To prevent health plans from using the grandfather rule to avoid providing important consumer protections, the regulation provides for promoting transparency by requiring a plan to disclose to consumers every time it distributes materials whether the plan believes that it is a grandfathered plan and therefore is not subject to some of the additional consumer protections of the Act.
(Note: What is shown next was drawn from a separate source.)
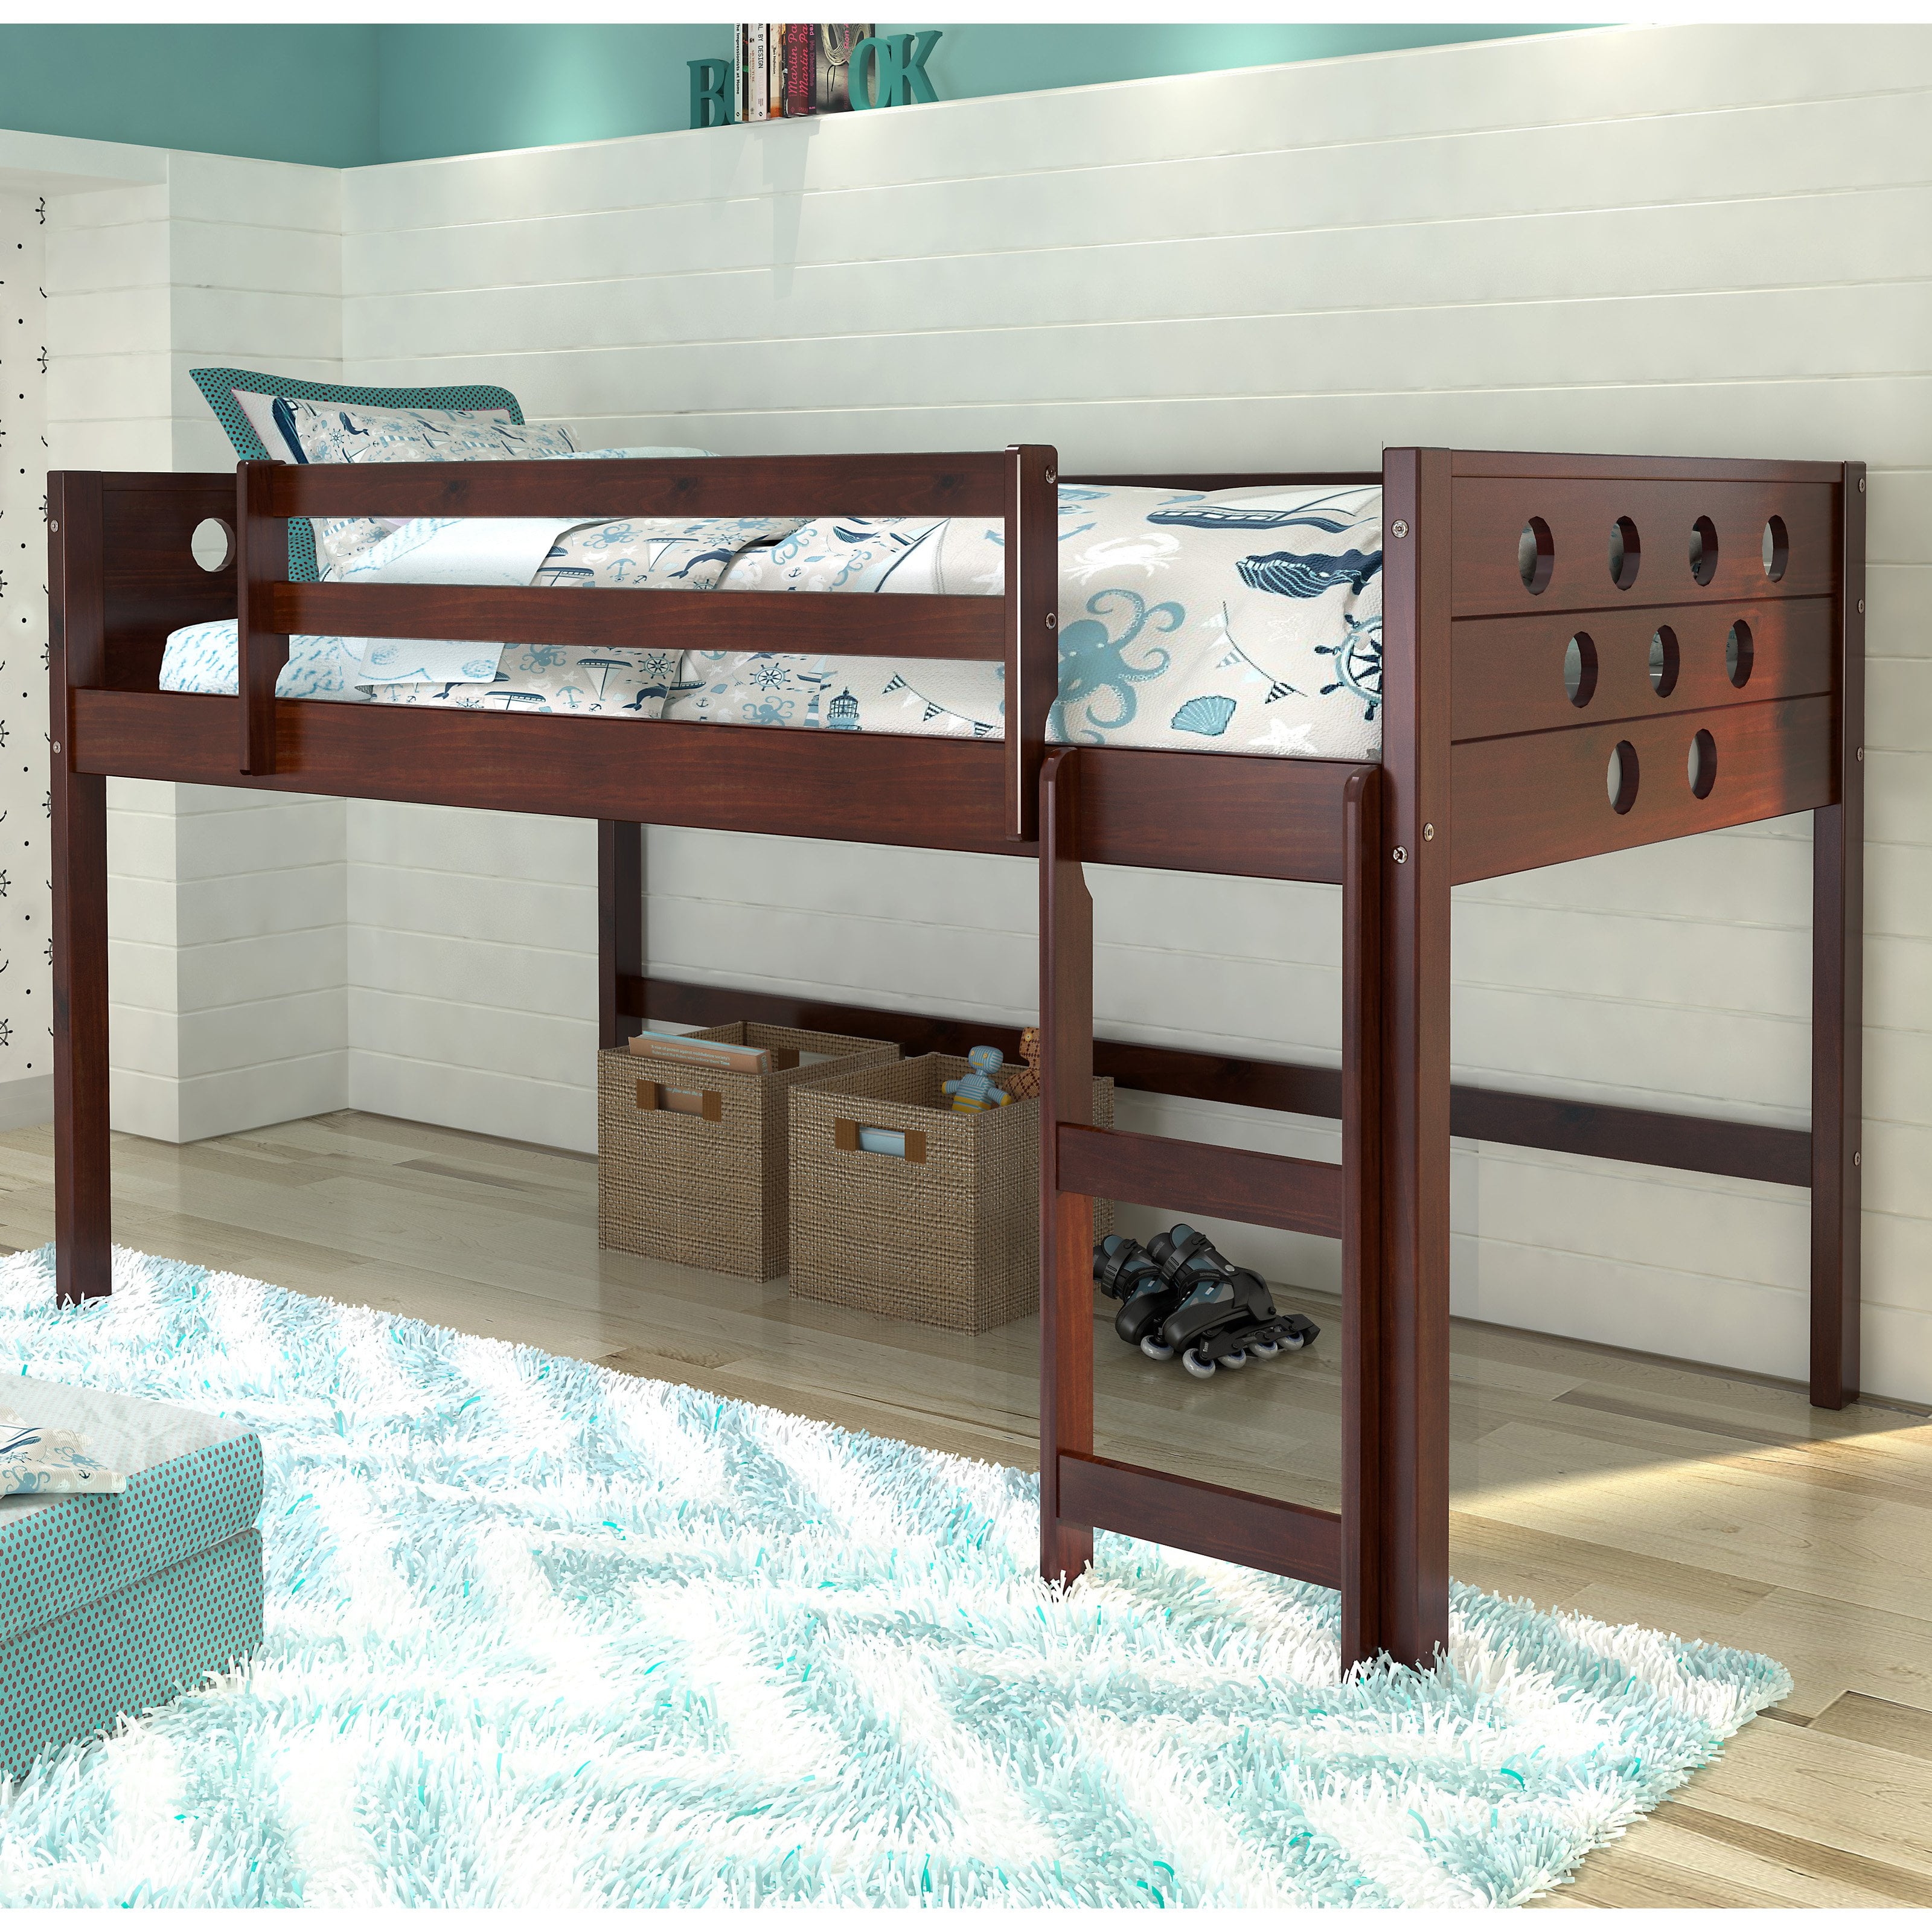 donco loft bed with desk

This allows consumers to understand the benefits of staying in a grandfathered plan or switching to a new plan.

  • The plan must also provide contact information for enrollees to have their questions and complaints addressed;
  • Revoking a plan’s grandfathered status if it forces consumers to switch to another grandfathered plan that, compared to the current plan, has less benefits or higher cost sharing as a means of avoiding new consumer protections; or
  • Revoking a plan’s grandfathered status if it is bought by or merges with another plan simply to avoid complying with the law.

June 18th Webinar: What HR Needs to Know about the Patient Protection and Affordable Care Act before Leaving for Vacation.

Questions Arise About Automatic Enrollment

Friday, June 11th, 2010

The Patient Protection and Affordable Care Act requires employers with 200 or more full-time employees to automatically enroll all new full-time employees in the firm’s group health care plan.  Current employees will be automatically re-enrolled.  Employees will be allowed to opt out, similar to how many employers enroll employees in a 401(k) plan.

Important questions have emerged.  First, it is unclear when this requirement becomes effective, since the specific statutory section is silent on when auto enrollment becomes effective.  The Society for Human Resouce Management website suggests the intent of the missing effective date is to make auto-enrollment effective on January 1, 2014, when other provisions, such as the employer “shared responsibility” penalty become effective.  However, the legal publisher CCH believes that the correct view is that when a section has no effectice date, it is effectively immediately.  In any event, the section requires regulations to implement, so time will tell.

More troubling is the fact that the auto-enrollment section does not define “full-time” employee.  In another section, “full-time” is defined as any employee who works on average at least 30 hours per week.  Again, this definition refers to whether an employer with 50 or more full-time employees will be assessed a shared responsibility penalty.  But read casually,  this definition means that any employee who works on average at least 30 hours per week must be auto-enrolled in the group health care plan, a dramatic consquence for the many employers that require at least 35 hours for full-time status and therefore eligibility for health care benefits.

John Sarno, EANJ’s president believes that the statute should be read as requiring the auto-enrolling of employees who work at least 30 hours per week if they are otherwise eligible for health care benefits under the employer’s policy.  However, Frank Palmieri, EANJ’s legal advisor, tentatively thinks that the law requires plans (insured and self-insured) to offer health care benefits to all employees who work at least 30 hours per week, regardless of the employer’s policy.   However, he says that his views require constant update.